§ WHAT TO PRODUCE:
Write out the listing below without alteration, omitting its pictures.

§ DATA SEGMENT:
╔══
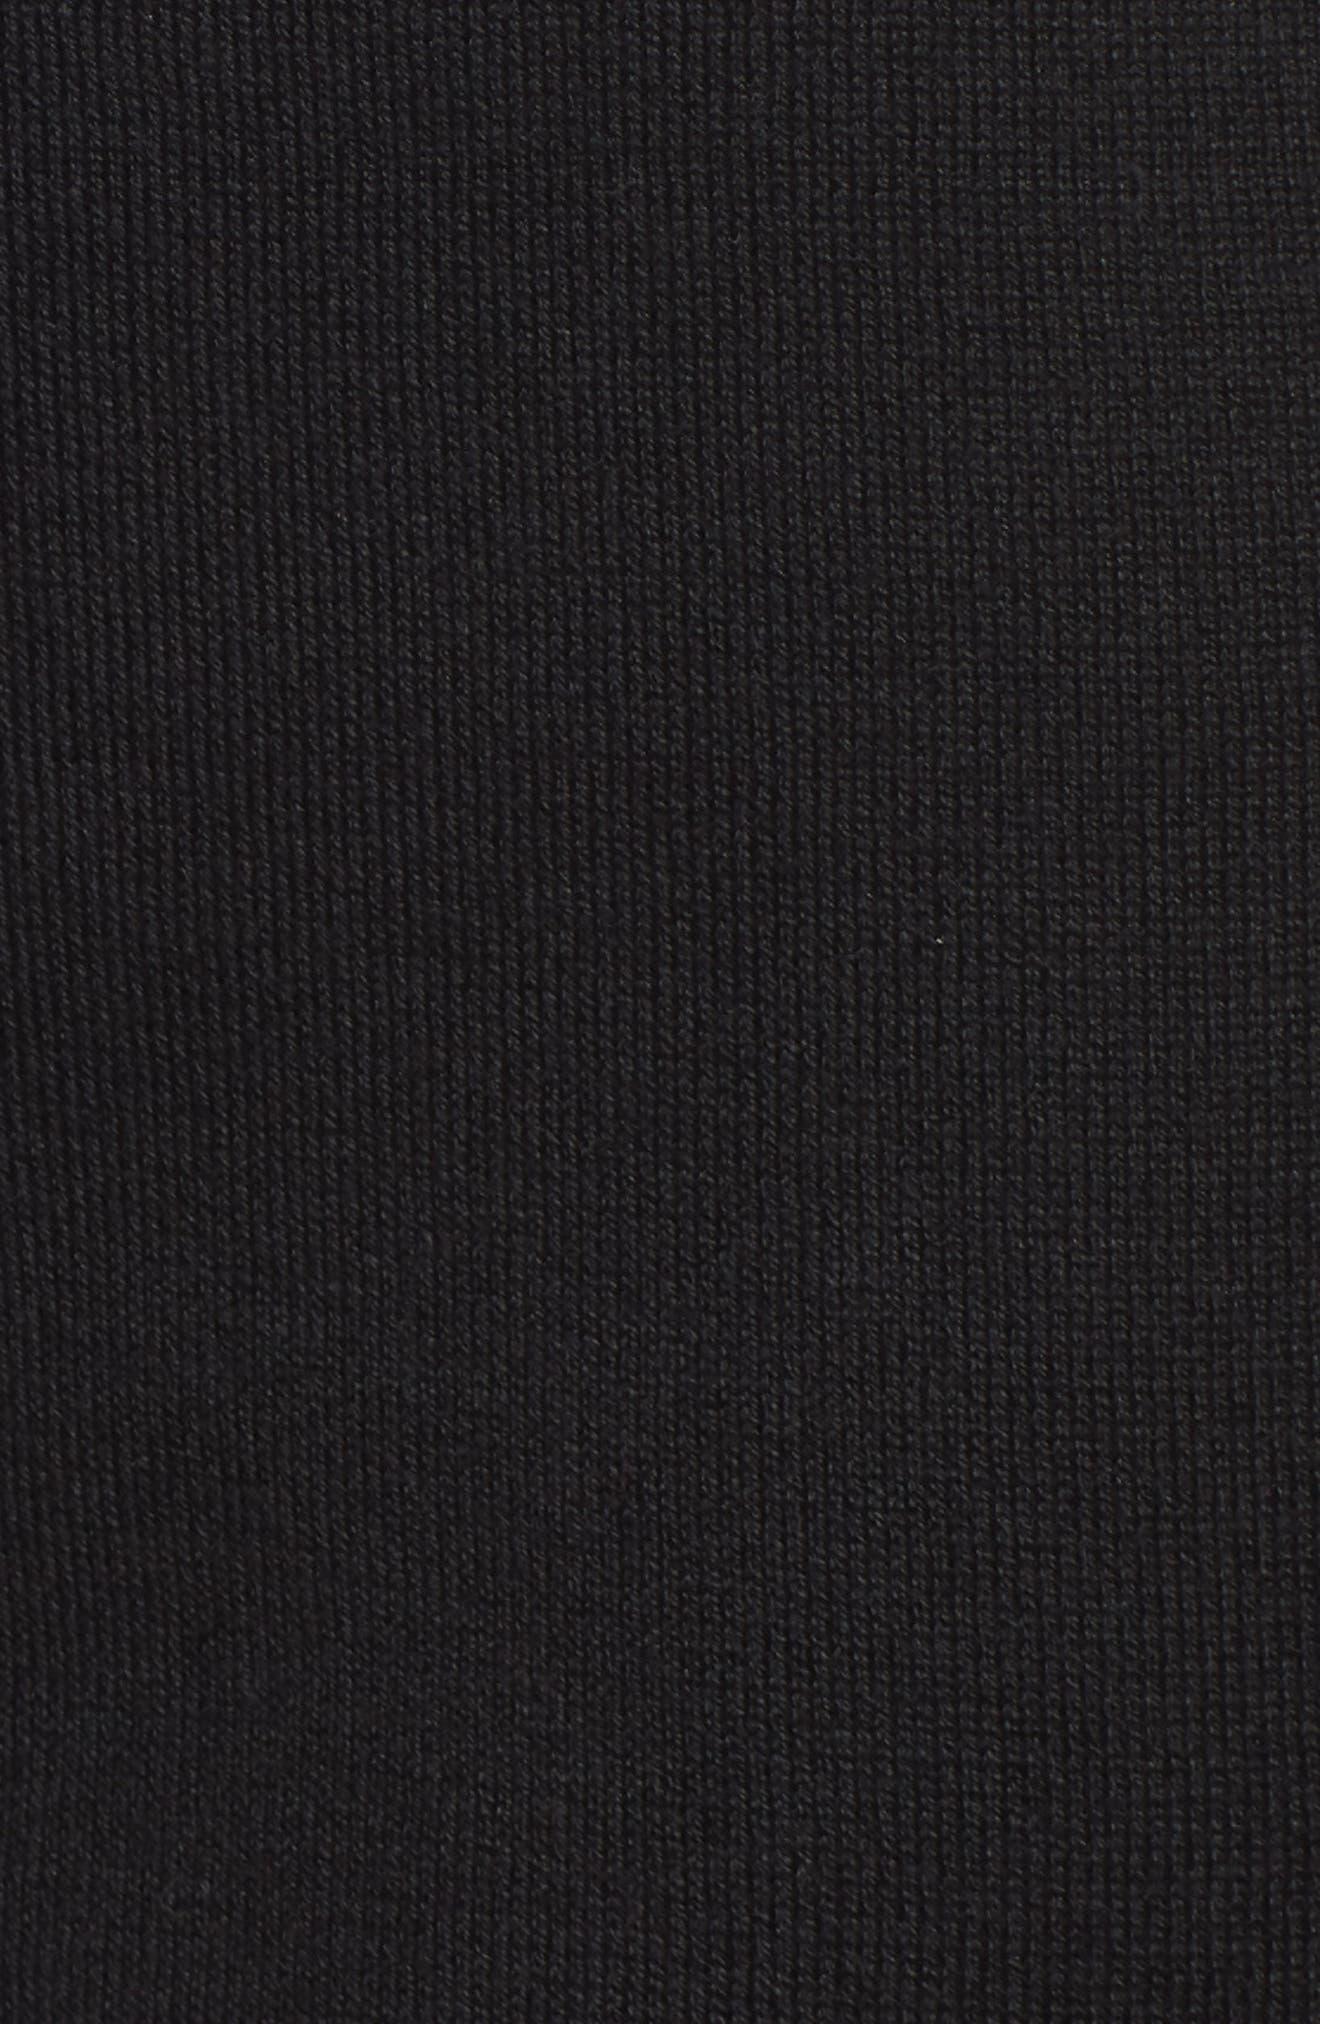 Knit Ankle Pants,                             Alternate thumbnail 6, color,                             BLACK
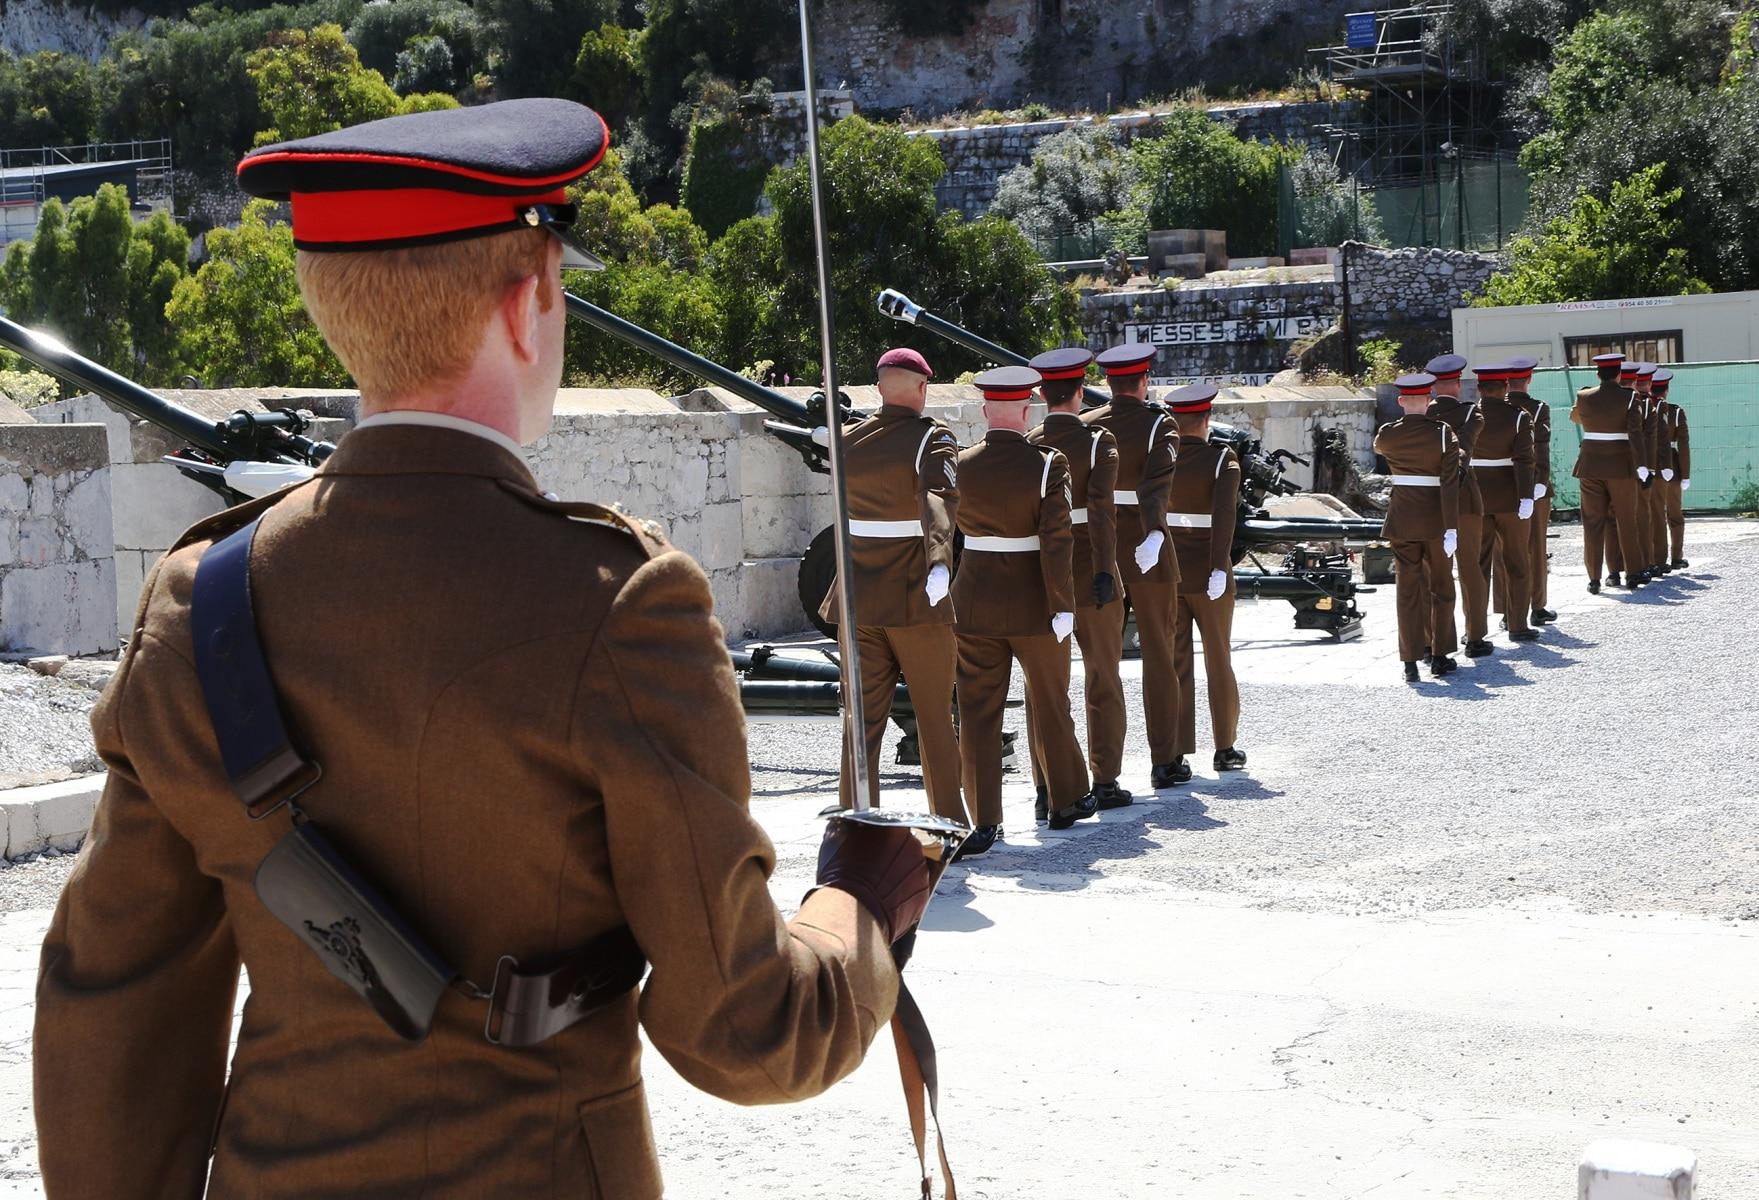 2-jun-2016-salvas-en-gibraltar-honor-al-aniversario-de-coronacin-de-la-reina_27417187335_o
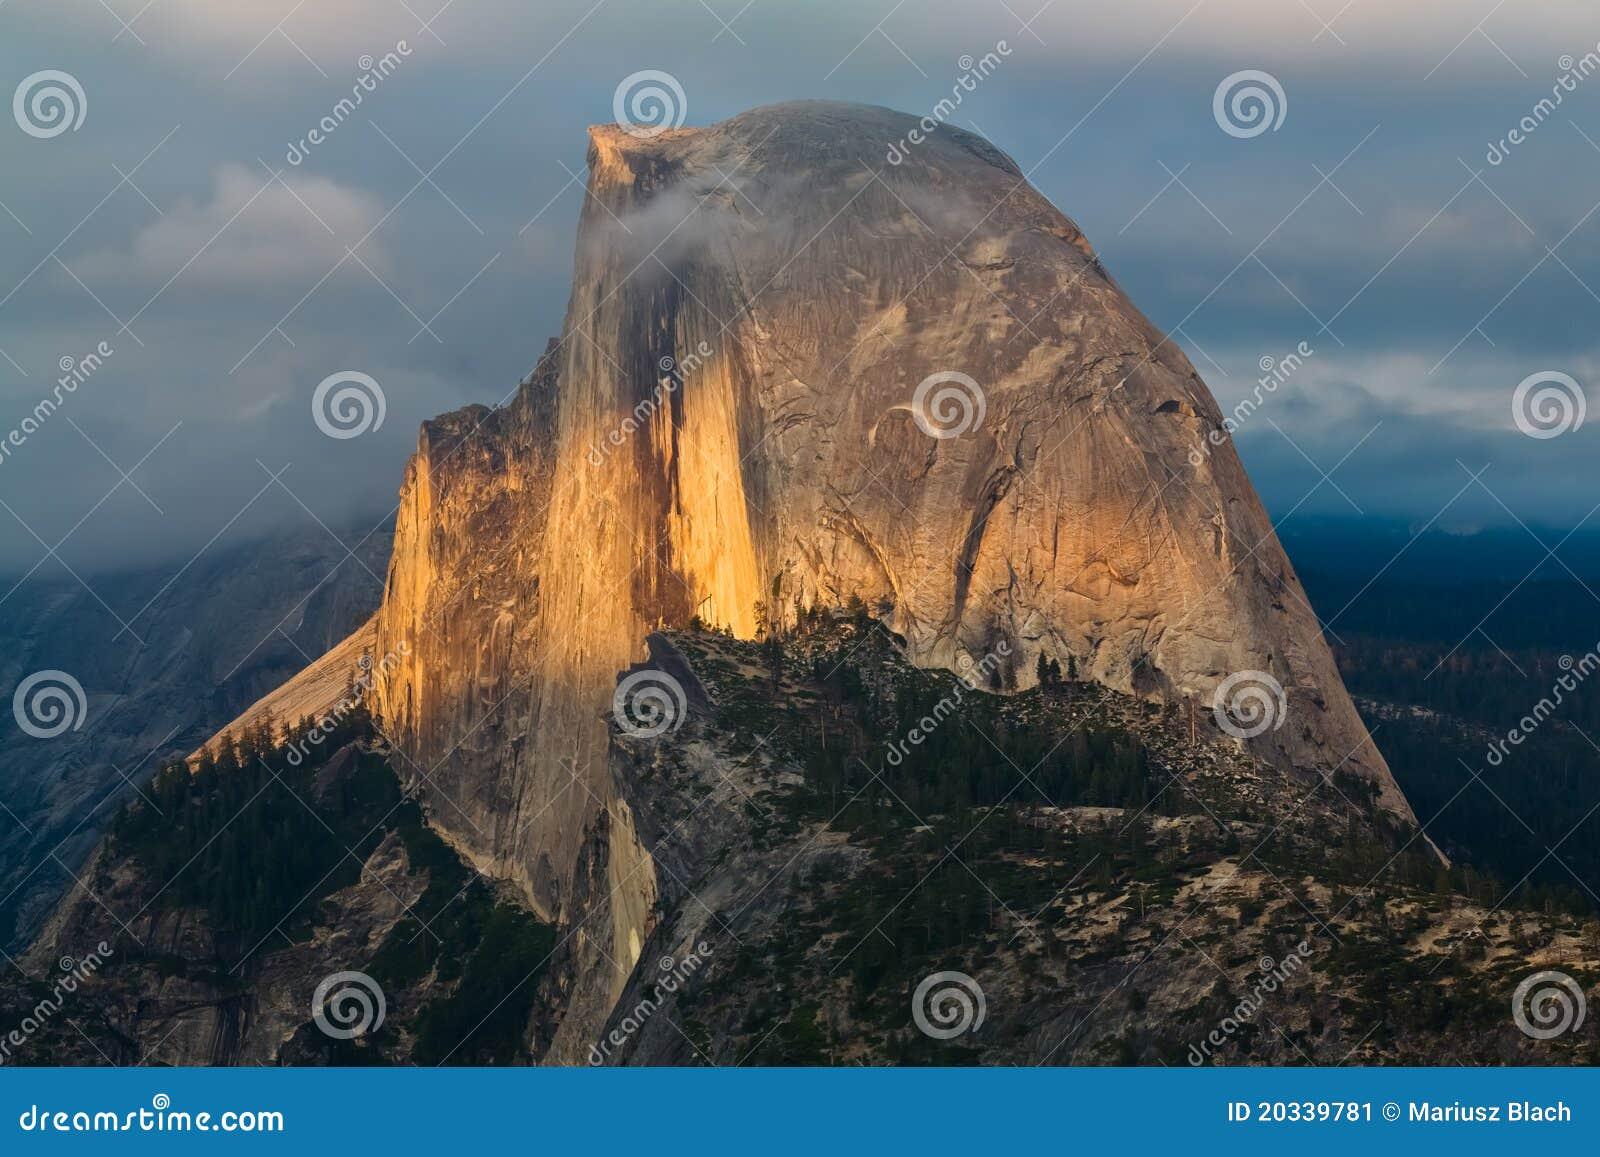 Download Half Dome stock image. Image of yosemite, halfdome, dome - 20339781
╚══
§ ANSWER AREA:
 Knit Ankle Pants,                             Alternate thumbnail 6, color,                             BLACK
 2-jun-2016-salvas-en-gibraltar-honor-al-aniversario-de-coronacin-de-la-reina_27417187335_o
 Download Half Dome stock image. Image of yosemite, halfdome, dome - 20339781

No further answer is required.